A commonly-used provision is RCW 4.84, specifically 4.84.250, but that provision is only for cases involving claims of $10K or lower. Links are attached after the end of this answer.
Another provision in Superior Court cases is Civil Rule 68, but the "costs" referred to in that rule don't include more than nominal attorney fees.
In mandatory arbitration cases (up to $50K), a party dissatisfied with the arbitration result can proceed to trial, and if the party fails to improve his/her position over the arbitration result, the party must pay the other side's attorney fees.
Many contracts and some statutes for special types of cases (consumer protection, landlord tenant, antitrust, for example) contain fee-award clauses, and offers of settlement can be made in conjunction with such clauses.
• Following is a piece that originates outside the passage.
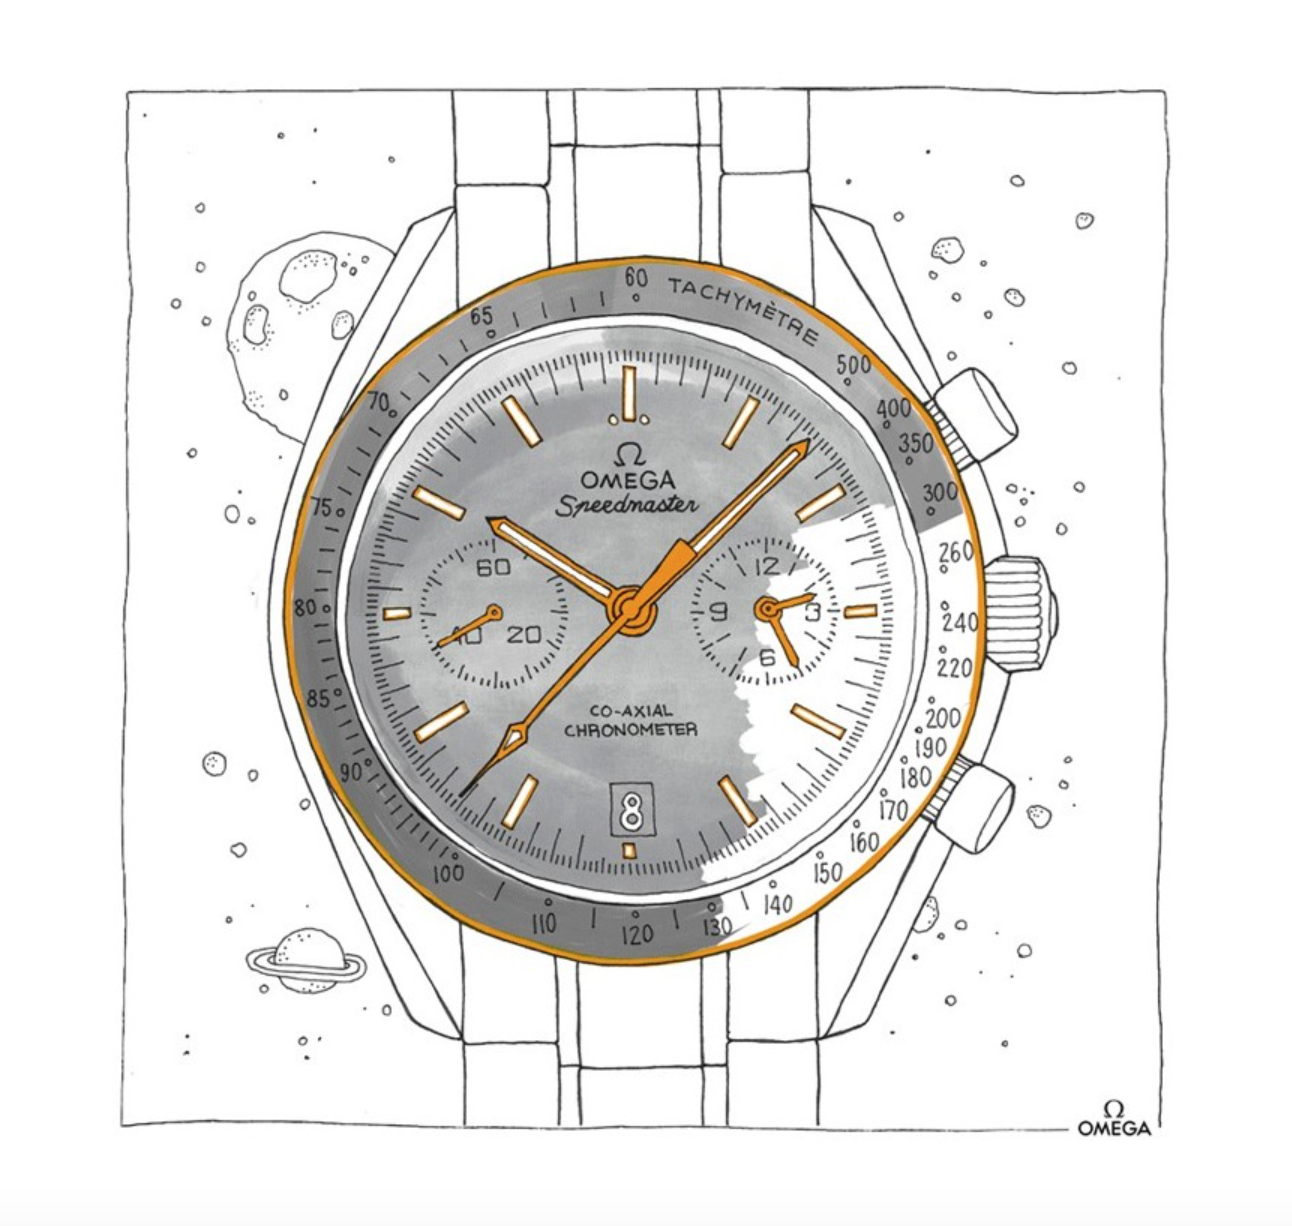 Omega выпустили раскраску с иллюстрациями классических моделей часов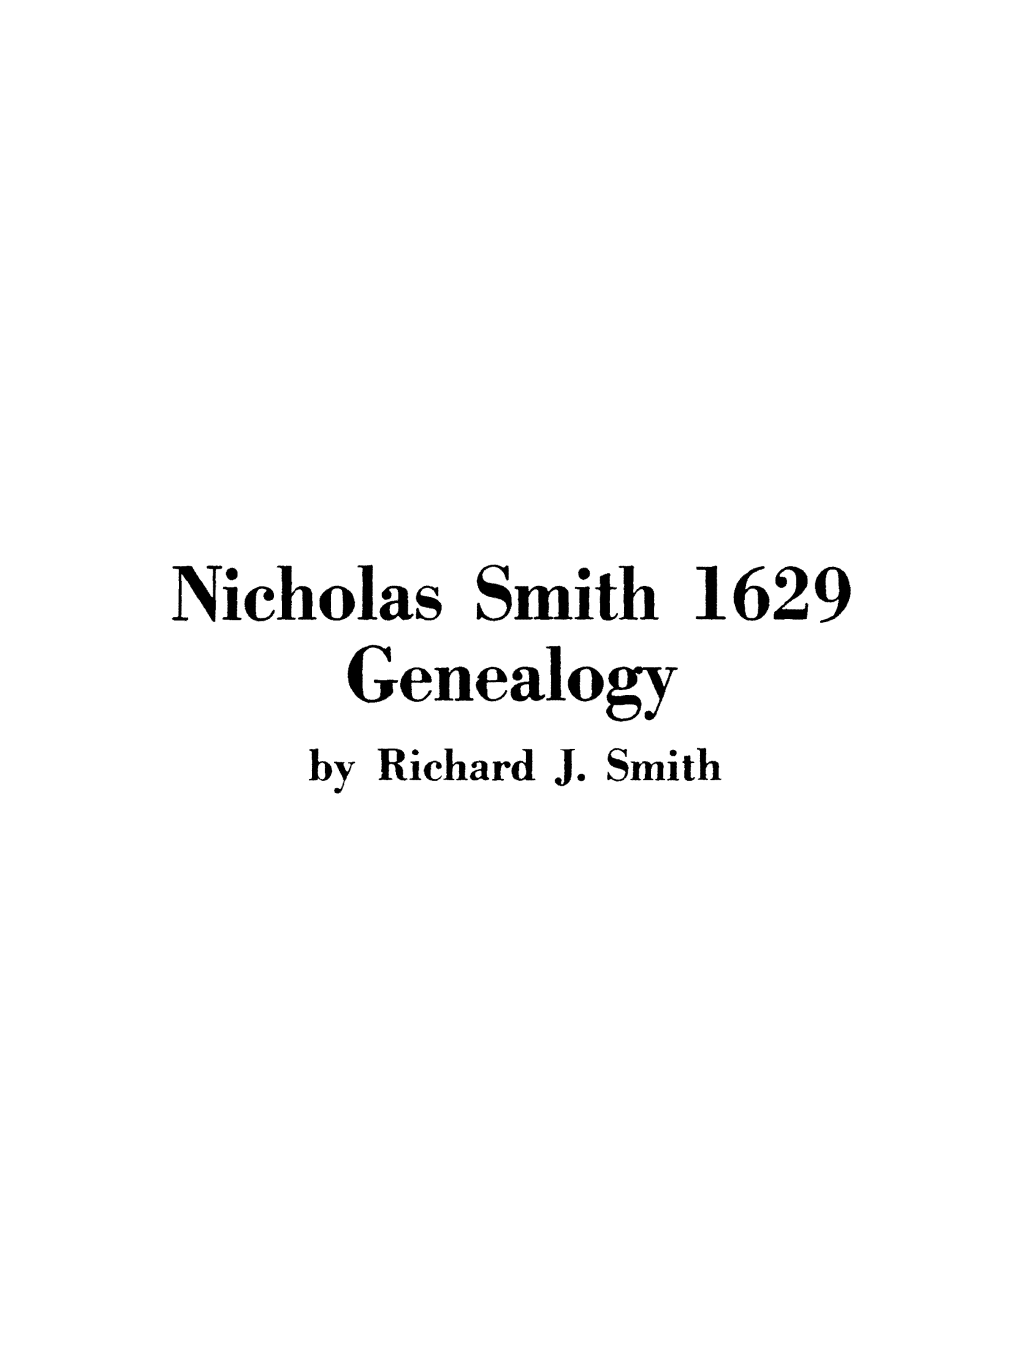 Nicholas Smith 1629 Genealogy by Richard J

Shifting litigation costs and attorney fees to opposing parties is a tricky business. Fee shifting is supposed to reduce litigation by giving parties incentives to settle weak claims rather than risk having to pay the other side's lawyer fees, but litigation is often made worse by fee shifting. Some litigation (maybe most litigation) is driven purely by the attorney fees. If you are trying to either invoke fee-shifting or avoid it, you'll need a lawyer to sort it out.
This answer is intended as a courtesy only, and does not constitute an attorney-client relationship between the attorney and the questioner.
I agree with Mr. Stimmel and the offer to settle in writing according to the statute can shift the fees, but will also often result in further litigation and a motion to reconsider and further entrench parties.